Most English words are short

An piece of old email forwarding-spam says:

Aoccdrnig to rseearch at Cmabrigde Uinervtisy, it deosn’t mttaer in waht oredr the ltteers in a wrod are, the olny iprmoetnt tihng is taht the frist and lsat ltteer be at the rghit plcae. The rset can be a toatl mses and you can sitll raed it wouthit porbelm. Tihs is bcuseae the huamn mnid deos not raed ervey lteter by istlef, but the wrod as a wlohe.

The form of this email appears at first glance to provide direct evidence of its own “azanmig” claim. But something’s a little fishy: a lot of the words aren’t actually scrambled. Short words aren’t affected by the message’s middle-muddling, and if a paragraph mostly consists of words under six letters, there’s just not that much unscrambling to do!

So is the chain letter’s prose typical, or has it been carefully written to exaggerate our anagramming abilities? To find out, I stopped by the Leipzig Corpora Collection to work out the distribution of English words by their length.

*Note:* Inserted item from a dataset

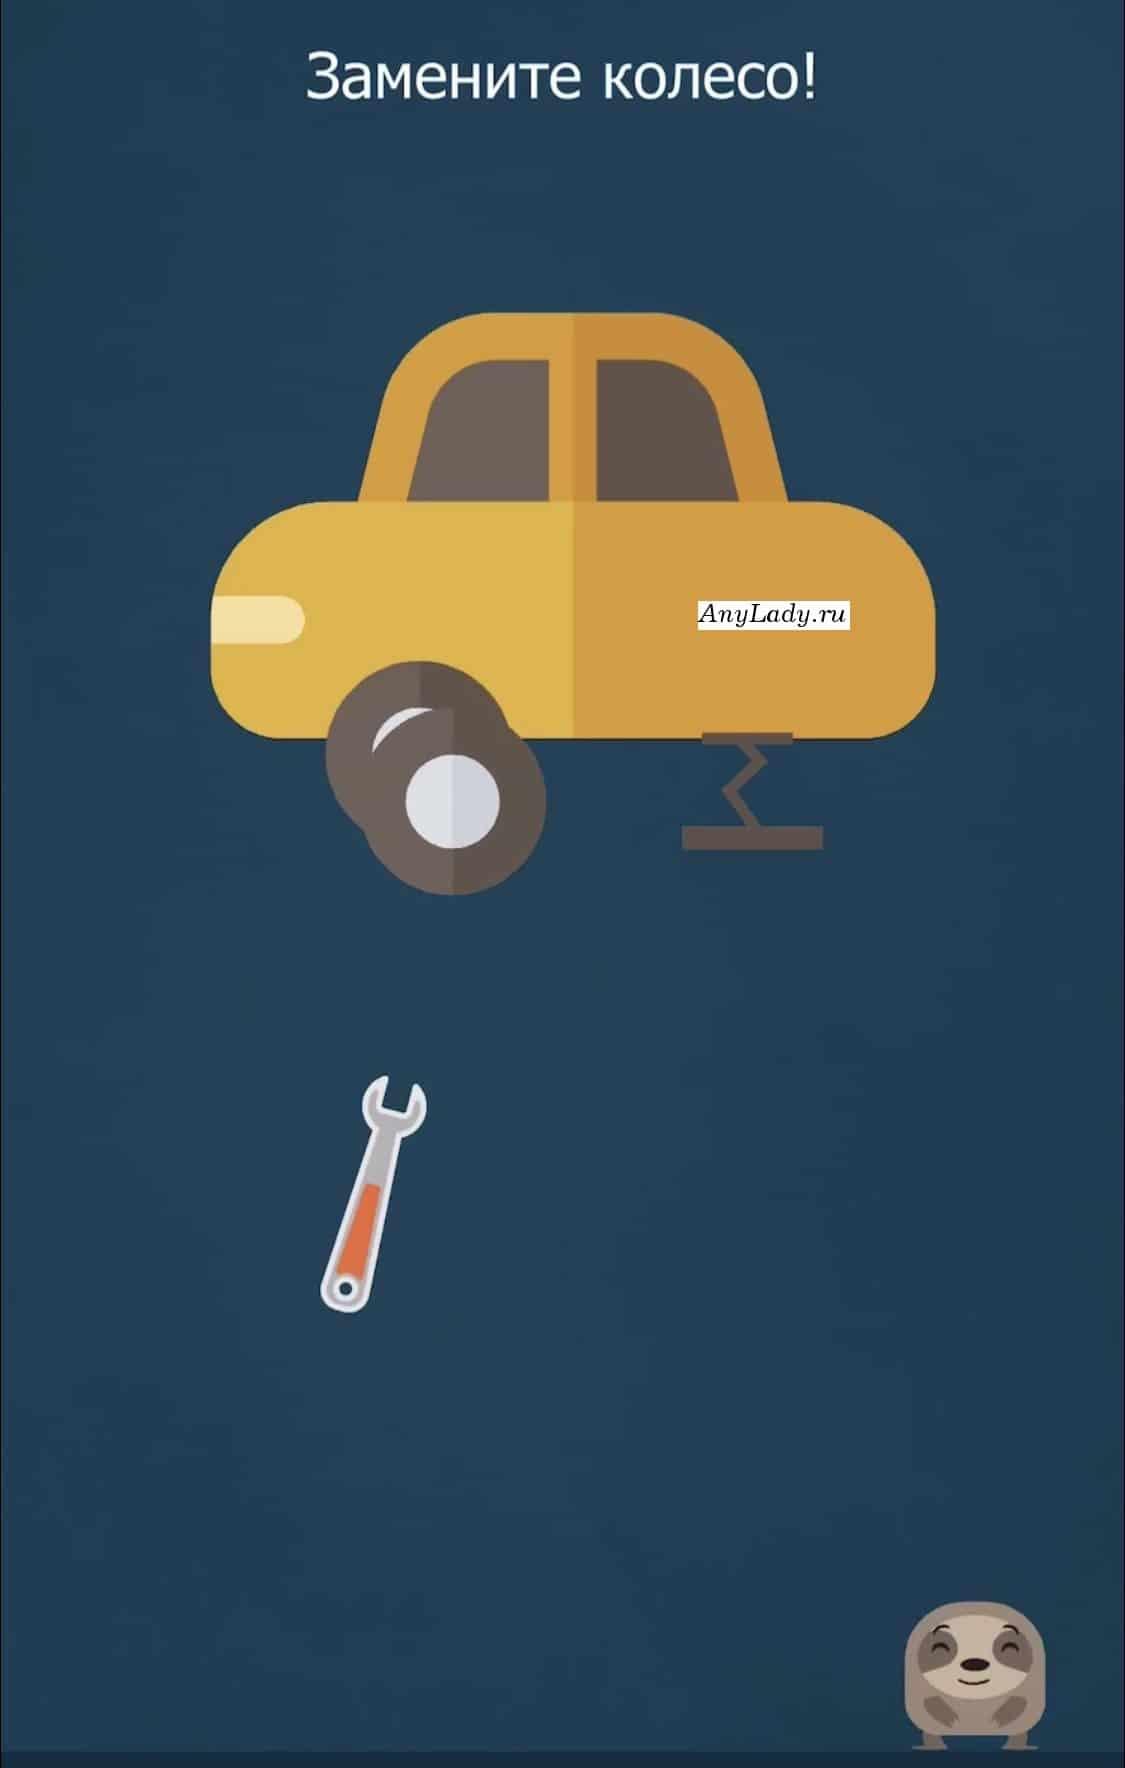 Зажмите внизу экрана колесо и перевезите его, на колесо у автомобиля.
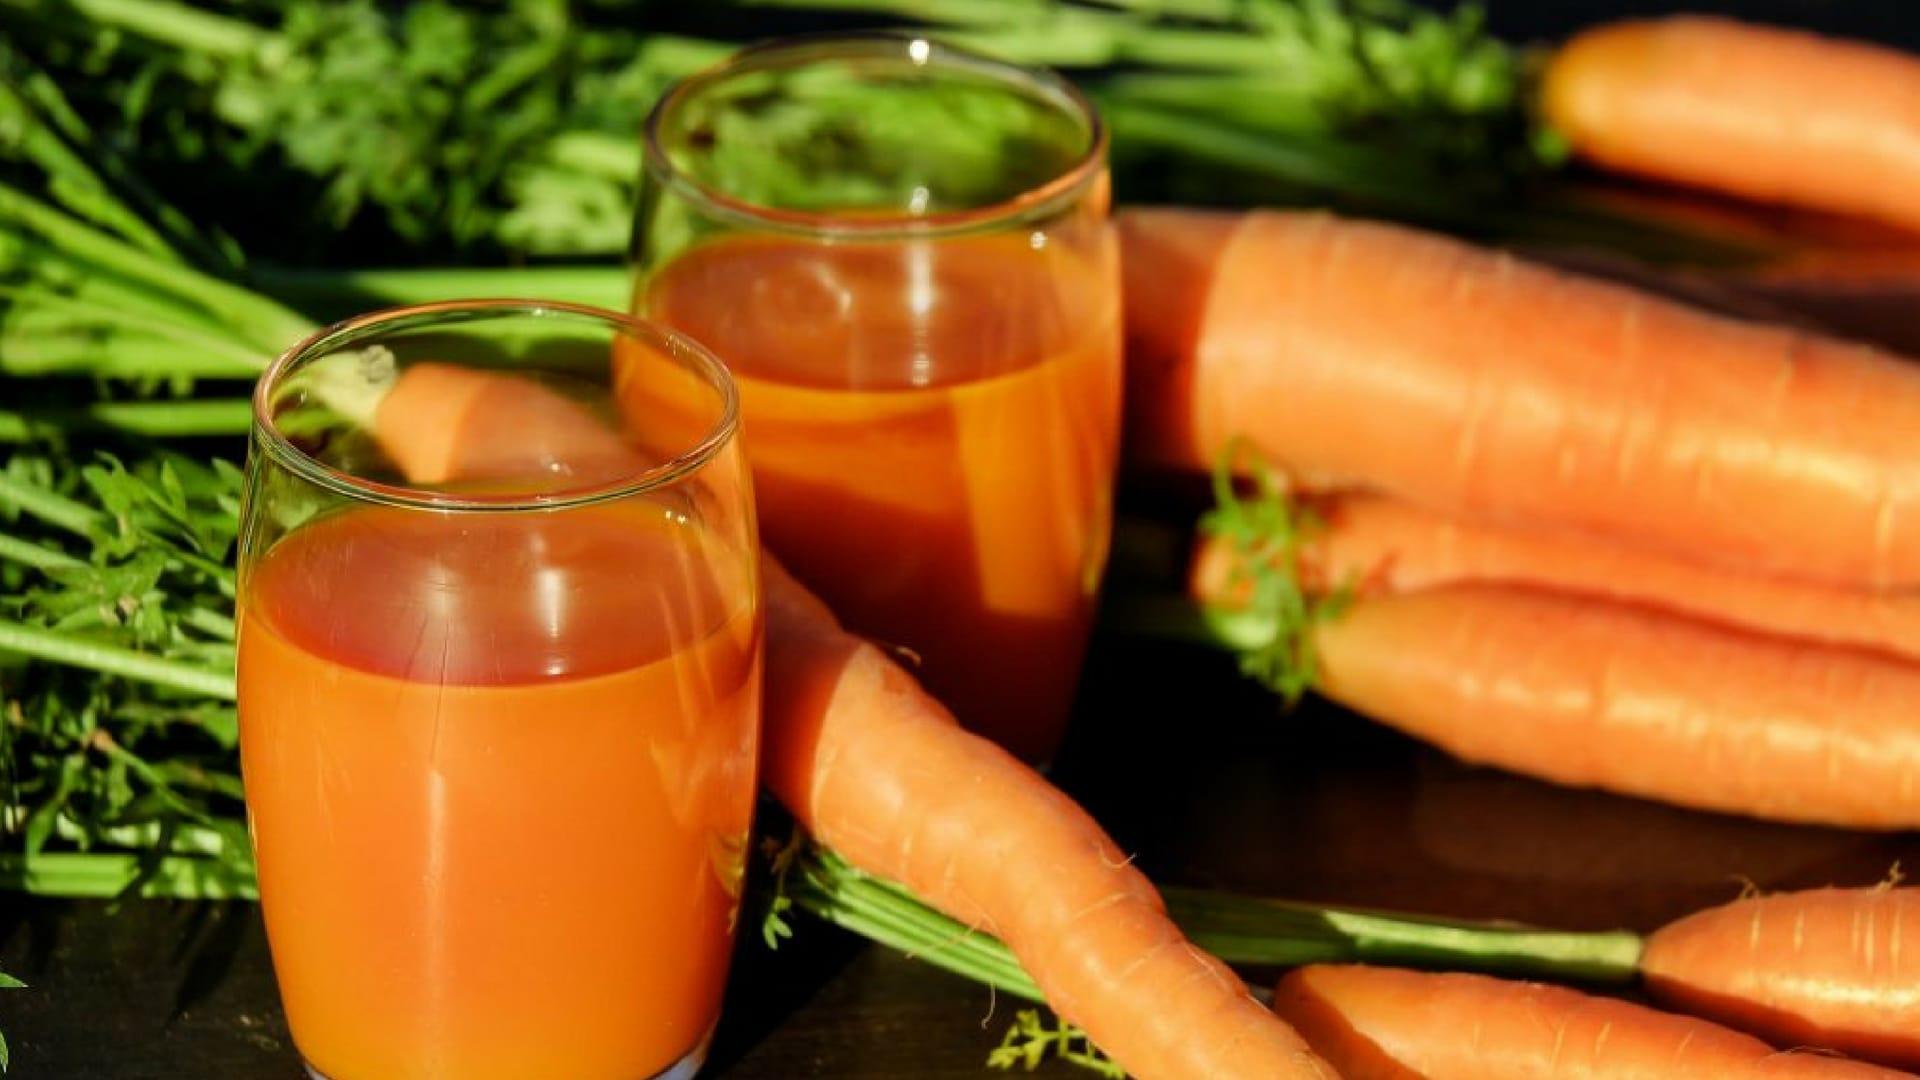 Karotten für den Hund – Wirksam gegen Parasiten & Durchfall

The distribution of word lengths in English

Although the median word has seven letters, shorter words are used more frequently:

By these metrics, the email is on the easy side. Almost half of its words don’t need to be deciphered; 79% of the words have fewer than six letters; and the average word length is 4.10. A random Wikipedia article will take a fair bit more effort to unscramble. Unfortunately, our anagram abilities are not as amazing as the paragraph — at best, we can claim a form of error correction against small numbers of transpositions. An actual researcher at Cambridge has more to say about the jumbled science behind this early internet meme.